When the system you created to manage your workload becomes the work that you do, you have a problem – unless you can seriously monetize it. I am going to go out on a limb and say that the system that now takes a majority of your time to keep going is probably not going to be that valuable to others. I am sitting here at my desk, going through, for the 1,000th time, my task management system.

I have an answer for everything. I have the perfect task management system—unfailable perfection. I am very proud of what I have built. Nothing slips through the cracks, and I only touch incoming items once. David Allen would be proud of my process. I have taken his GTD process to the next level with the latest enhancements in automation, AI, and visualized workflows.

I have a great dashboard view into all the work that I am doing, or need to be doing, or should be doing, or perhaps will eventually be done. If I am going to be honest, that do someday section is growing every day. I will probably close my eyes one day, hit delete on that container, and say goodbye to all my good intentions.

However, I have to be even more honest and admit that my perfect system has to be rebuilt every few days. I fall behind, and things get out of order. My zero-inbox religious creed all too often becomes a sin of omission. My sins stack up and start to increment exponentially, and then I wake up with the resolve to clean my sins and process through everything and rebuild back to perfection.

However, when I take on new work, I get really busy. I have too many phone calls going on, and task management work becomes a low priority. Honestly, working IN the system was not as exciting as working ON the system when I built the holy grail of task management consoles. Kid you not, my tasks management system is an interconnected working of at least 8 tools, utilities, and SAAS applications. This is my getting things done stack and I am awesome at this.
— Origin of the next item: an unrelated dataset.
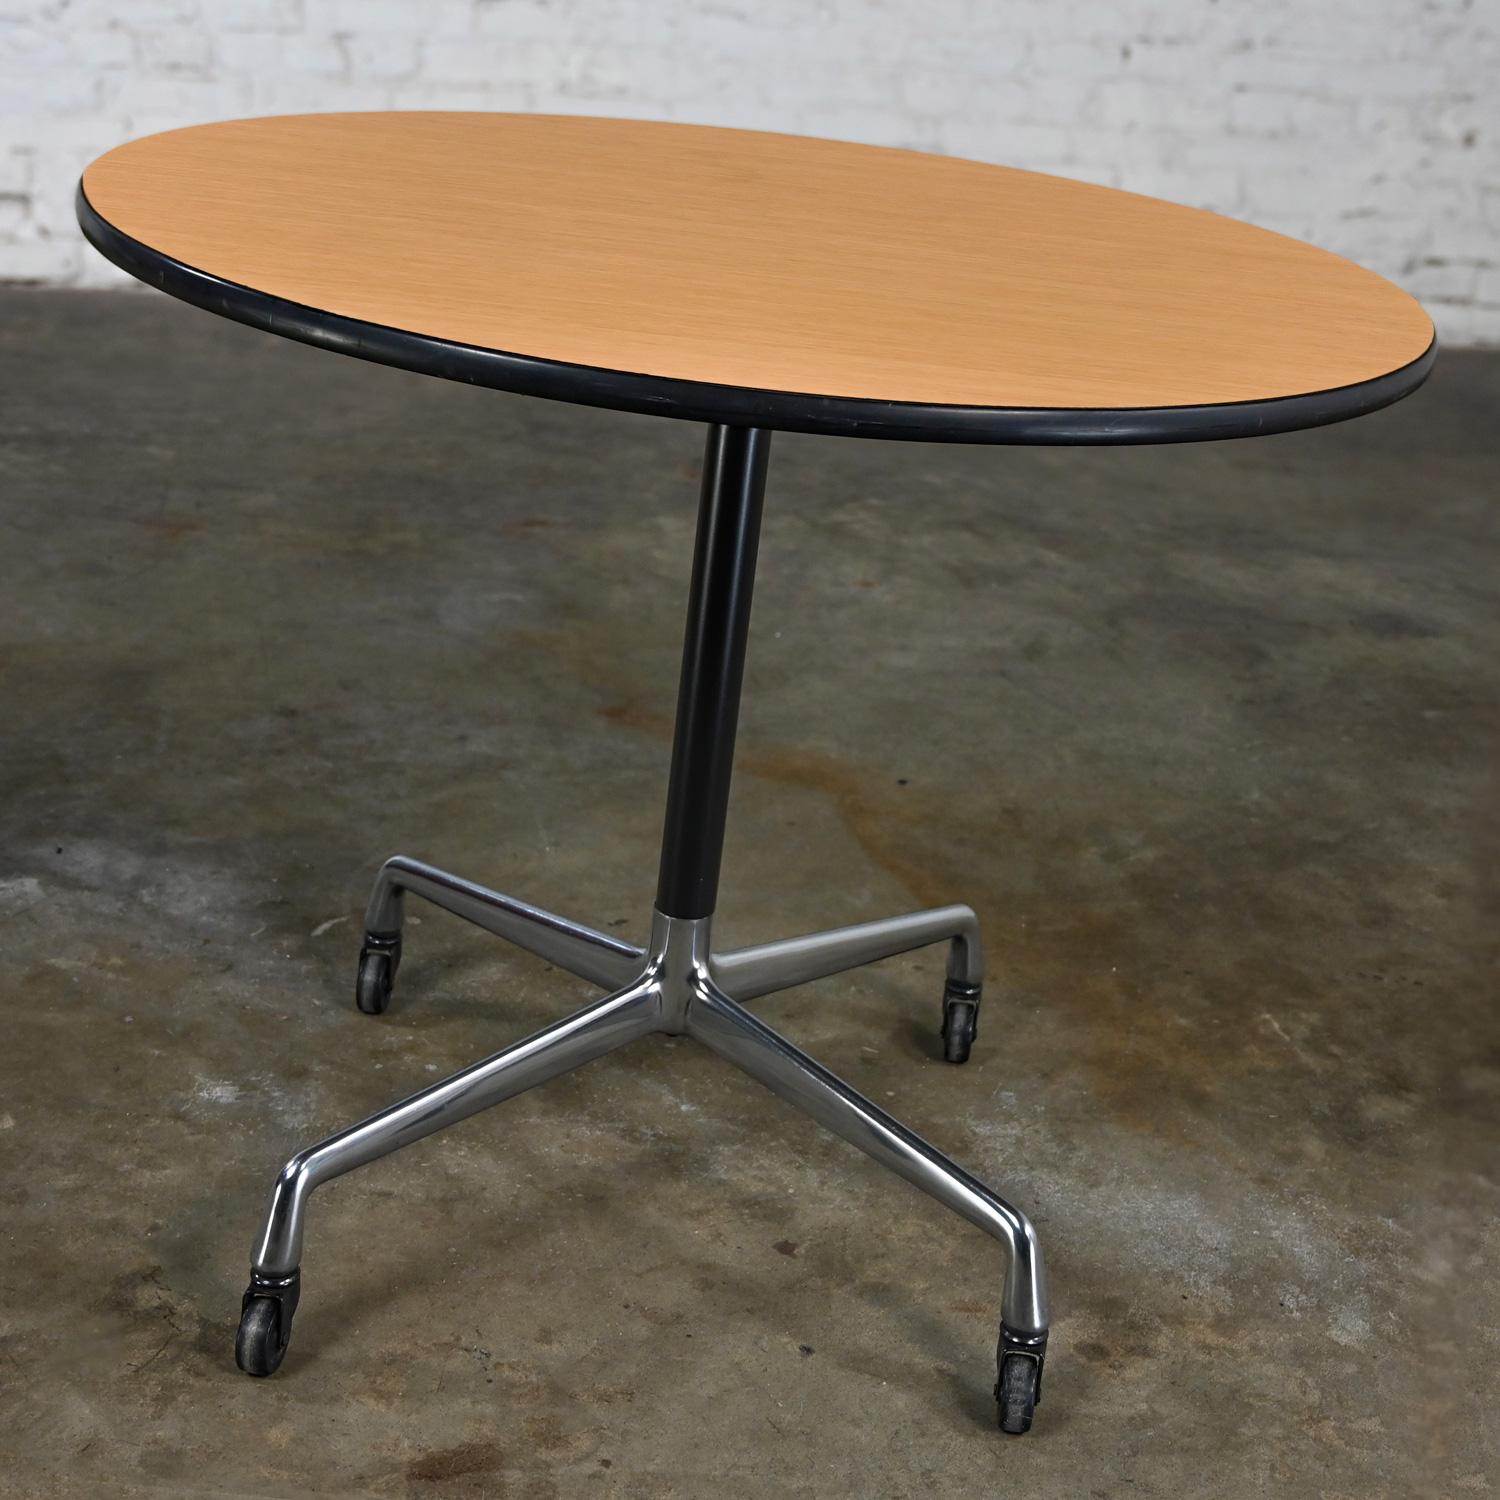 Magnifique table Eames pour Herman Miller de style moderne du milieu du siècle avec base universelle en aluminium à 4 branches avec roulettes noires, tige noire, attache araignée en aluminium, et un plateau rond de 36

What I should do is quit my day job and start recording videos on how to create the perfect task management system. Then, I could spread my religion to others, who could also fall under the hypnotic spell of doing anything and everything EXCEPT the work that they are actually supposed to be doing. I could get a bunch of people to sign up for my course, pay me a recurring fee, and they could join me in the ultimate diversionary tactic of avoiding work.

When the system becomes the work, it is time to reevaluate it. So that is what I have done today. I trashed the whole process, and now I have created a new system. I have sticky notes from 3M on my desk. When I am done with the task, I get the rewarding feeling of crumbling one of them up. I am not allowed to start the day with more than 10.

I have only completed one task so far today, at least one more than I did yesterday. Thus, the new “system” is already 100% an improvement on the perfect one.